Your goal:
To complete this task, print all the data below exactly but leave out the images.

Stored data:
───

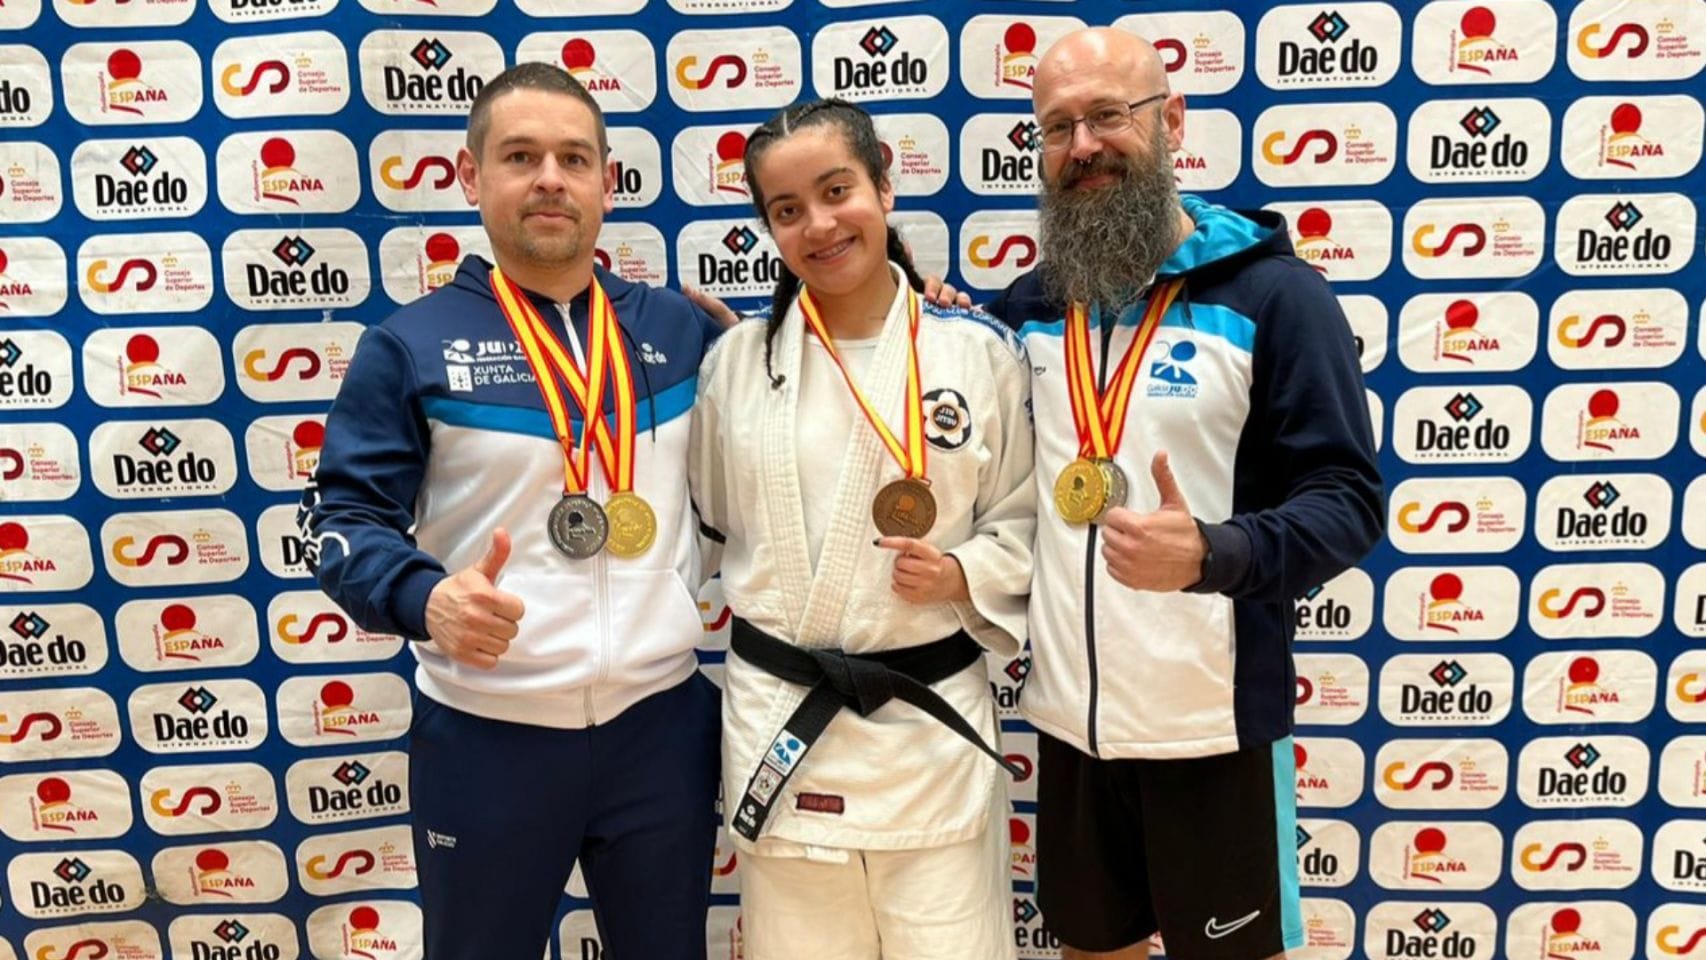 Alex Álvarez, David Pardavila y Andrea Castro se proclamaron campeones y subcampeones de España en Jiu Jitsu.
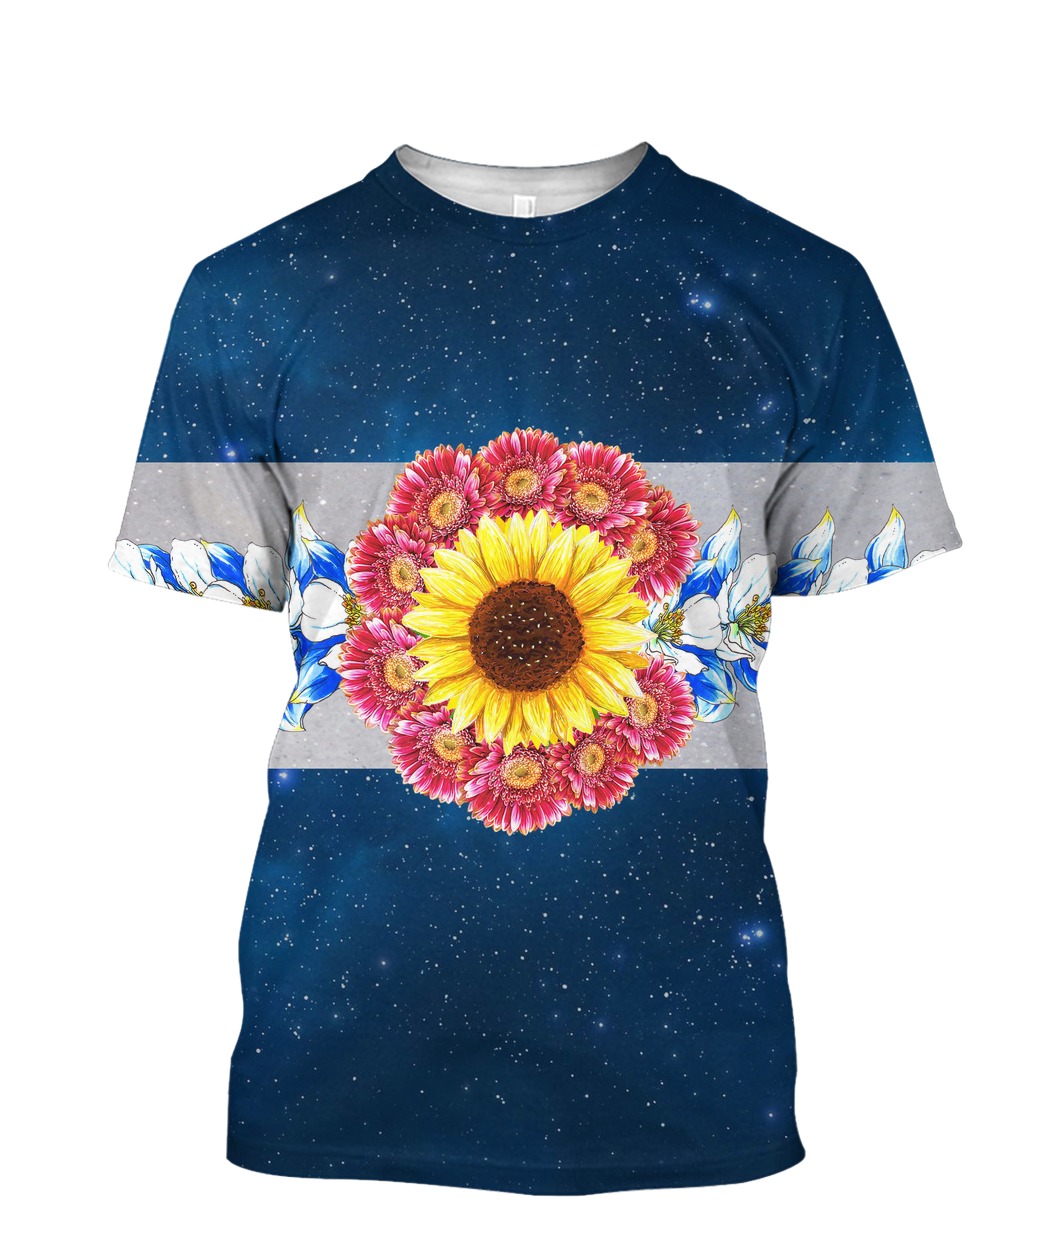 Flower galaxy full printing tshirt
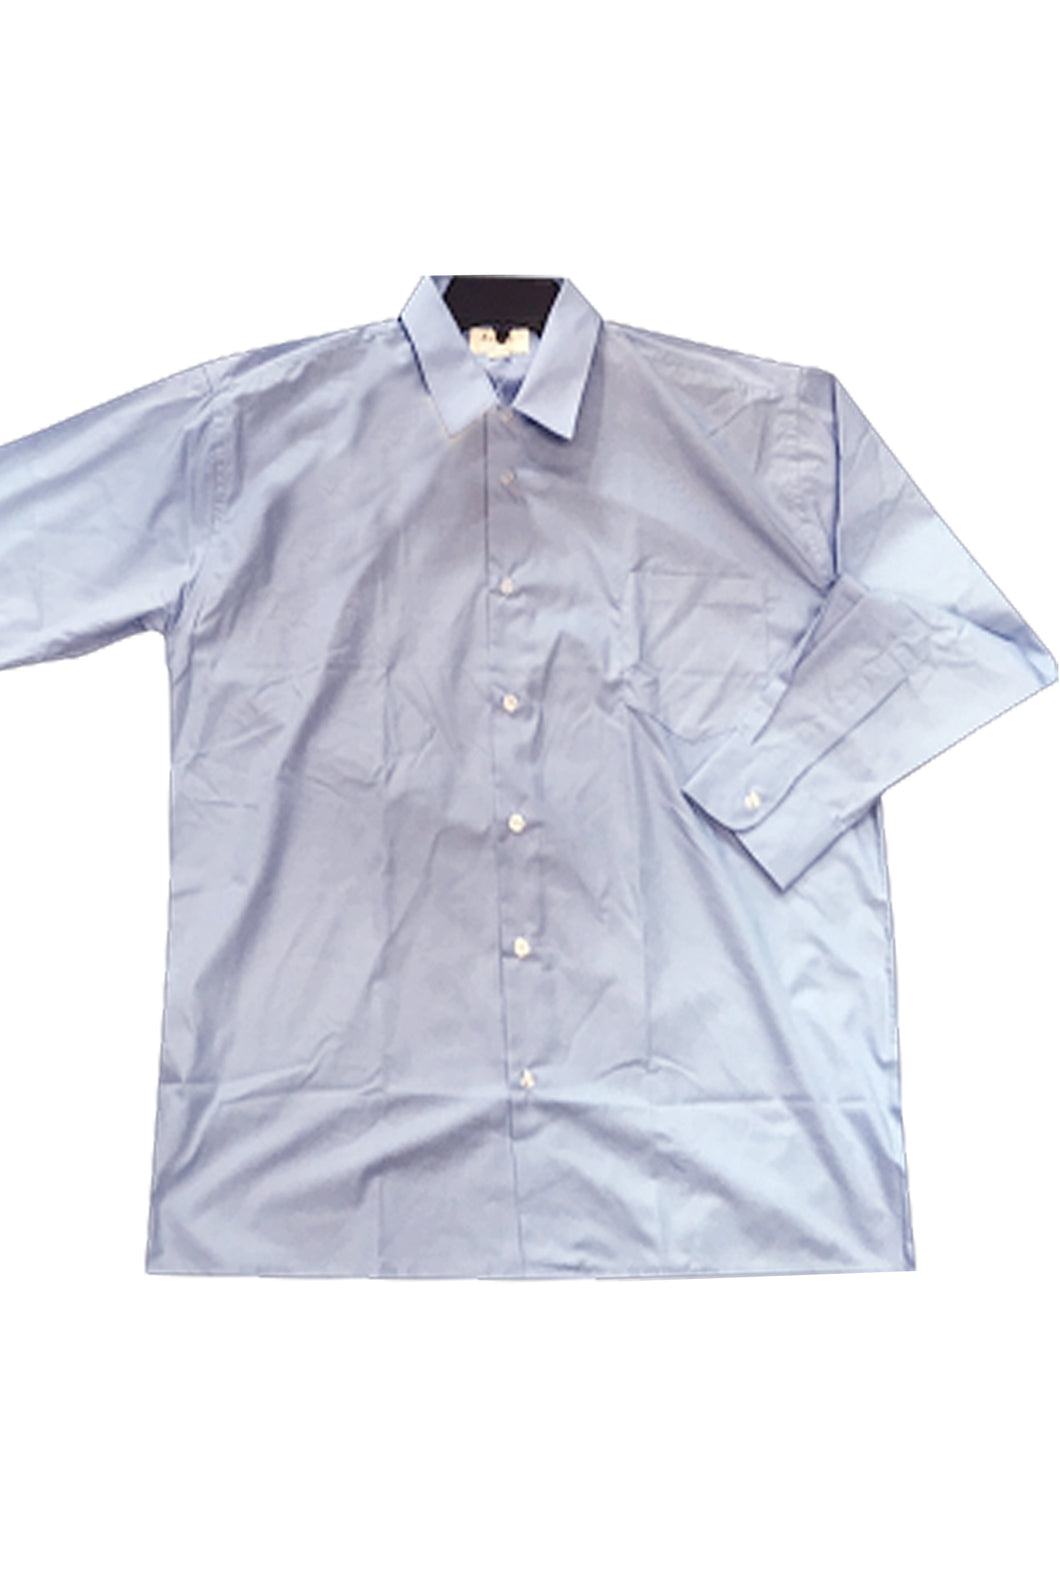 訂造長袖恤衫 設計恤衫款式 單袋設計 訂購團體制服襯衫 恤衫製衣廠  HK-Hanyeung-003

───

Exercise result:
 Alex Álvarez, David Pardavila y Andrea Castro se proclamaron campeones y subcampeones de España en Jiu Jitsu.
 Flower galaxy full printing tshirt
 訂造長袖恤衫 設計恤衫款式 單袋設計 訂購團體制服襯衫 恤衫製衣廠  HK-Hanyeung-003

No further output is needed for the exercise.